La medesima norma stabilisce che gli stessi comunque non possano prestare servizio nell’ambito della circoscrizione nella quale si sono presentati come candidati alle elezioni per un periodo di tre anni dalla data delle elezioni stesse. Attesa la finalità di tale tipo di aspettativa che è quella di impedire l’espletamento delle funzioni di polizia da parte del poliziotto candidato alle elezione politiche o amministrative, il relativo provvedimento è adottato d’ufficio dal momento dell’accettazione della candidatura.

Occorre precisare che l’accettazione della candidatura è un atto tipico avente rilevanza giuridica il cui perfezionamento è disciplinato dalla legislazione in materia elettorale.

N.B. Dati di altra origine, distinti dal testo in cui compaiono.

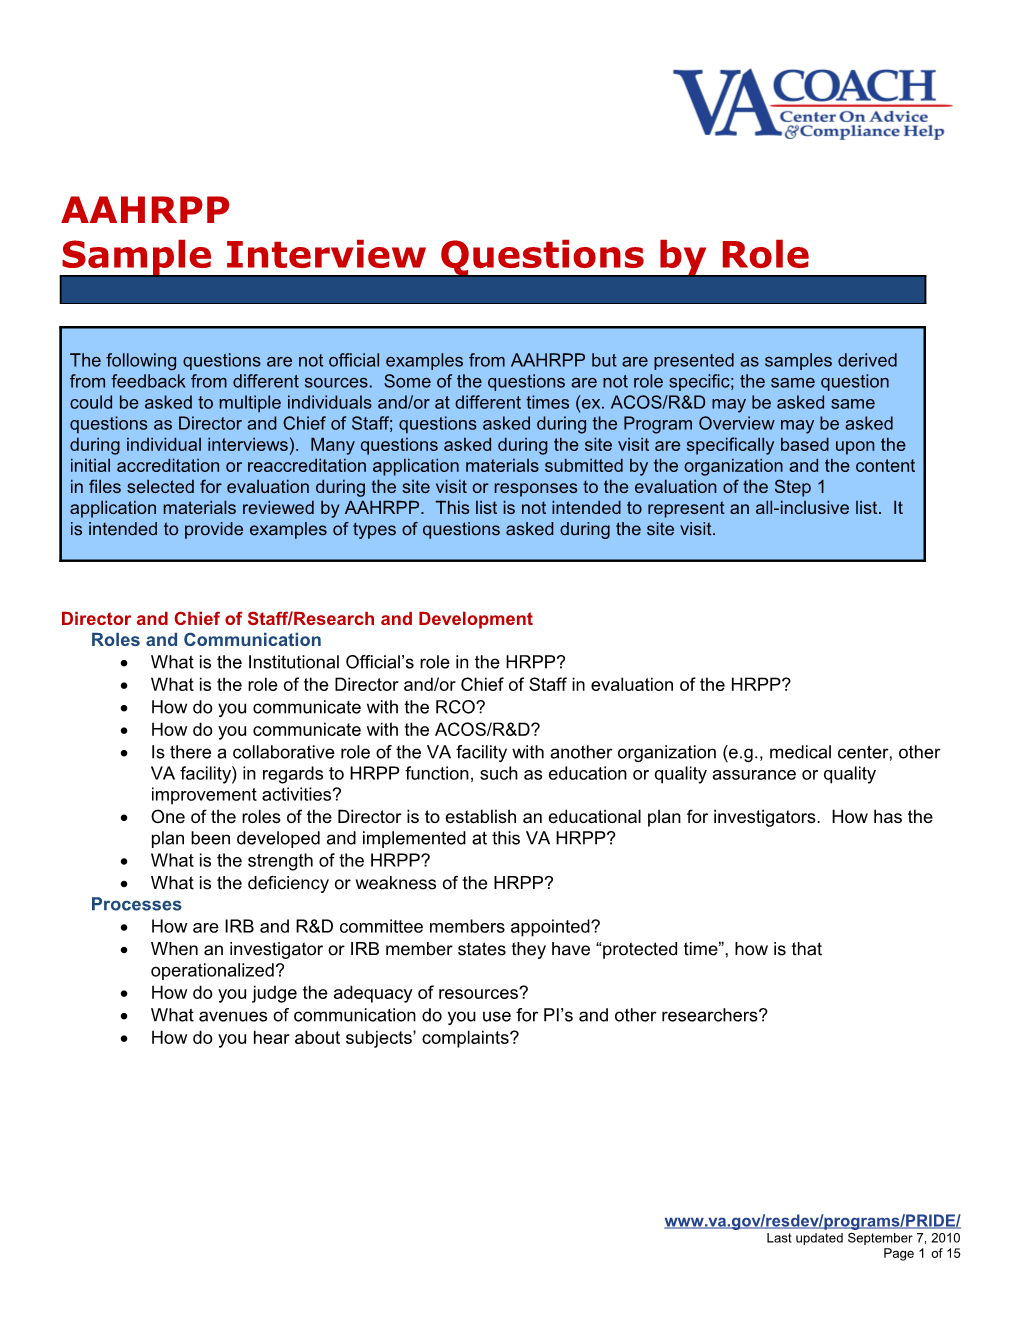 AAHRPP Sample Interview Questions by Role

La durata dell’aspettativa è connessa alla durata della campagna elettorale, terminata la quale si esauriscono gli effetti del provvedimento autorizzativo. L’Ufficio che adotta il provvedimento è tenuto a comunicarlo tempestivamente al Competente Servizio della direzione Centrale del personale anche per l’eventuale adozione dei conseguenti provvedimenti di trasferimento ai sensi del sopracitato articolo 81 secondo comma legge nr. 121/1981 e dell’articolo 53, primo comma del D.P.R. 24.4.1982 nr. 335.

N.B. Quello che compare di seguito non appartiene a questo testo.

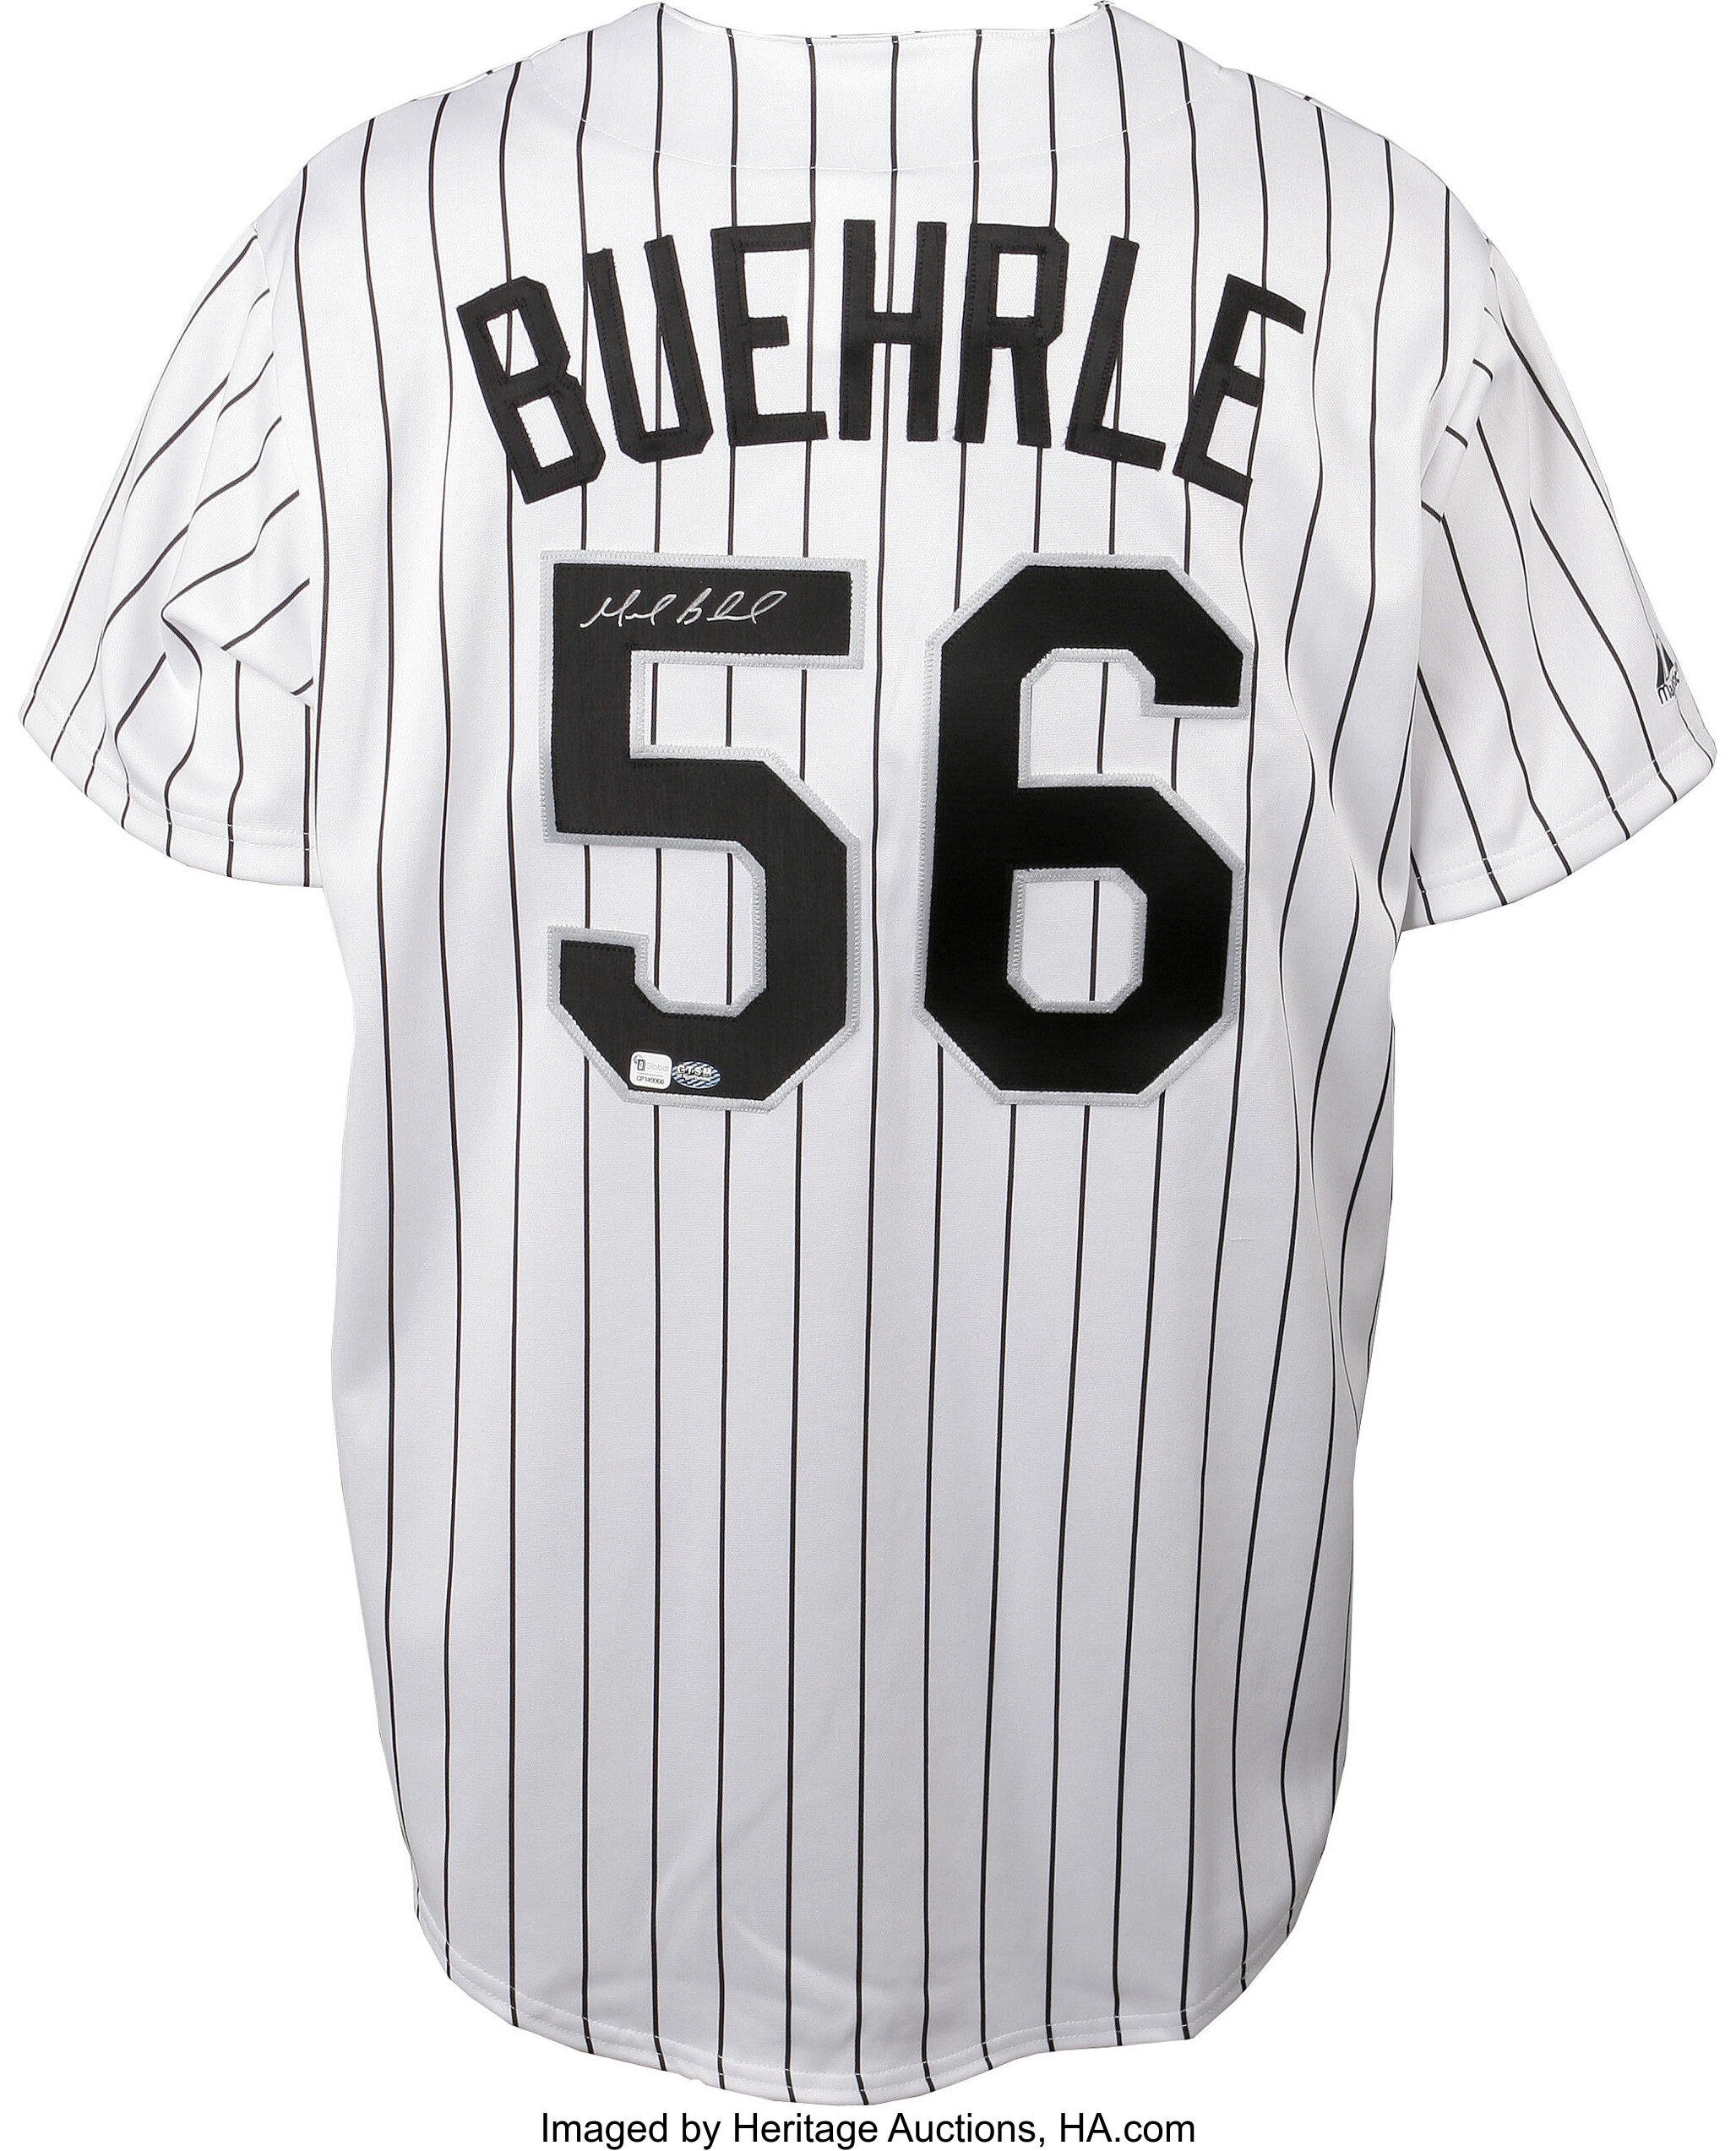 Free shipping Chicago White sox#56 Mark Buehrle Baseball Jerseys wholesale  in china cheapest - AliExpress

Aspettativa per mandato amministrativo - L’articolo 53 del D.P.R. 24.4.1982, nr. 335, al terzo comma, prevede che Il personale eletto a cariche amministrative sia collocato in aspettativa, a domanda, per tutta la durata del mandato amministrativo.

L’aspettativa è pertanto concessa sul presupposto dell’istanza del dipendente, corredata della documentazione attestante l’avvenuta elezione.

Il Consiglio di Stato con parere della Prima Sezione del 15 giugno 1994, ha precisato che la norma si applica anche a soggetti nominati assessori comunali o provinciali senza essere stati previamente eletti nei rispettivi consigli.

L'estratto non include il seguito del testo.